- Directed by: Harry Basil
- Written by: Lance Kinsey Peter Nelson Byron Jelden Gene Quintano
- Produced by: Moshe Diamant Frank Hübner Andrew Stevens
- Starring: Matthew Modine Roma Downey
- Cinematography: Michael Goi
- Edited by: Stephen Adrianson John Grover
- Music by: Ceiri Torjussen
- Production company: Franchise Pictures
- Distributed by: Warner Bros. Pictures
- Release date: September 17, 2004;
- Running time: 94 minutes
- Countries: United States Germany
- Language: English
- Budget: $30 million

= Funky Monkey (film) =

Funky Monkey is a 2004 comedy film starring Matthew Modine, Seth Adkins and Roma Downey. It is written by Lance Kinsey and Peter Nelson. It is directed by Harry Basil. The plot centers around boy genius, Michael Dean (Adkins), who teams up with a super-talented chimpanzee and his caretaker (Modine) to take down an animal testing lab.

==Plot==
The story is about Alec McCall (Matthew Modine), a spy, who teams up with Clements, a chimp, to save the day. He has a change of heart when his boss, Flick, turns out to be bad and wants to perform experiments on the chimp. These experiments are to create chimp soldiers for the highest bidder.

McCall takes Clements away on the run to his hometown, where they meet a 13-year-old genius boy named Michael (Seth Adkins). Michael wants to impress a girl by playing on the football team.
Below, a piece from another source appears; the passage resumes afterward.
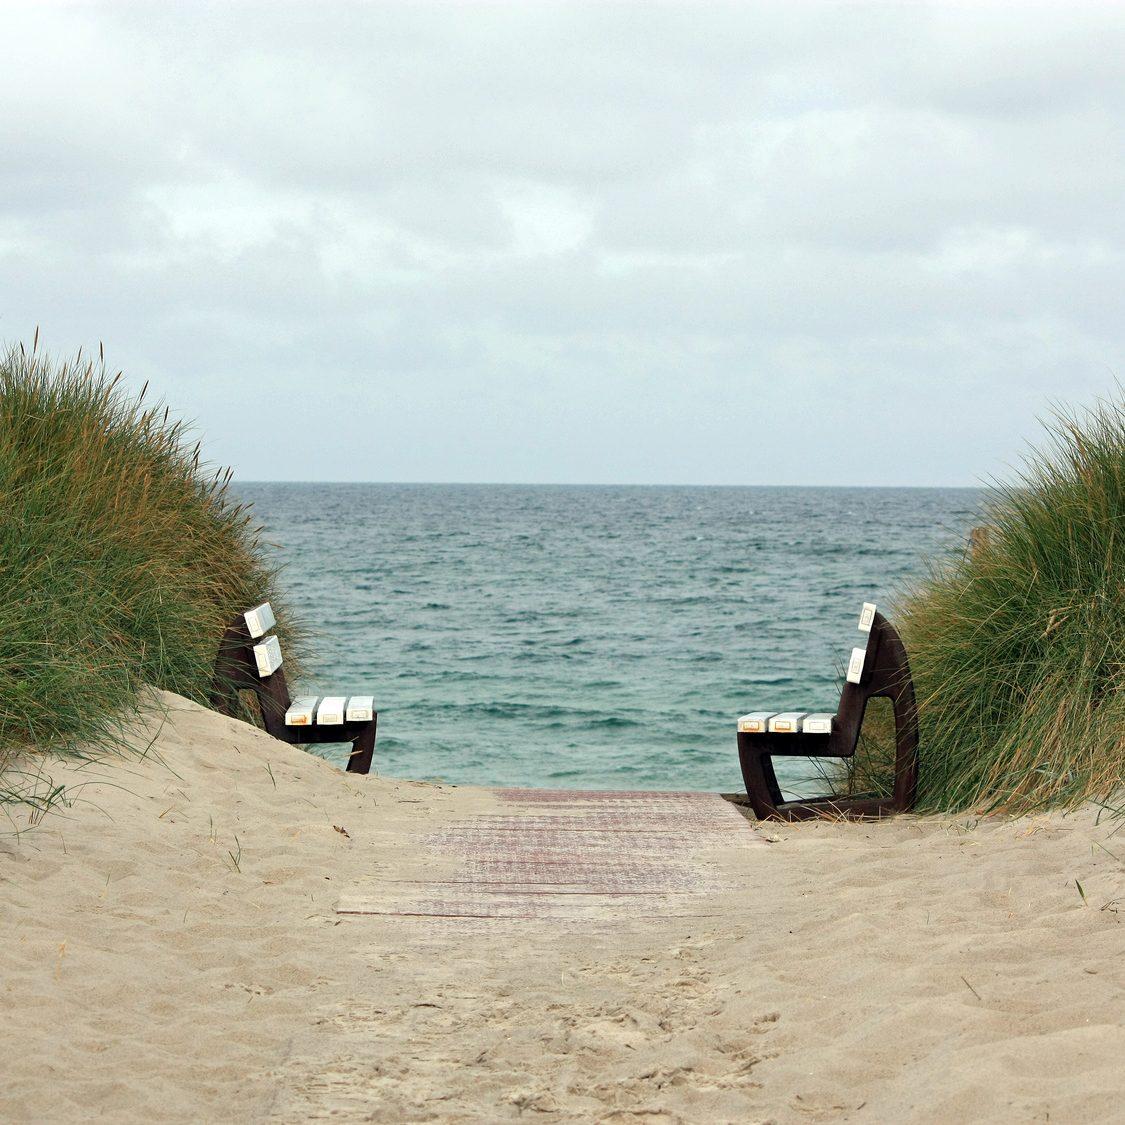 Bänke am Strand als Symbol für die Gesprächstherapie

The coach (Jeffrey Tambor) allows him on the team only if he tutors the star players who are on the brink of being kicked off due to bad grades. Meanwhile, Flick sends his goons out to find the chimp. Michael's single mom, Megan (Roma Downey), a computer programmer, has her eye on McCall, who rents out a room from her. She does not know about Clements, but Michael does.

After the goons fail to get the chimp, Flick goes to get Clements himself by breaking in and gassing Clements and Michael. Flick takes them back to his headquarters so the doctor (Gilbert Gottfried) can perform his experiments. McCall rescues them and they head back for the Homecoming football game. Soon the bad guys show up and dress as football players to play in the game and get Clements. Clements and McCall join the team to stop Flick from winning. Michael wins the game, and Flick and his henchmen are arrested for animal cruelty.

==Production==
In December 2001, Development of the film was first announced with ApolloMedia stating their intention to produce Karate Chimps, a $25 million family-oriented action comedy about a simian trained in the martial arts which Gene Quintano would write and direct. An alternate titled considered while the film was in production was A Hairy Tale.

==Release==
Funky Monkey was released straight-to-video.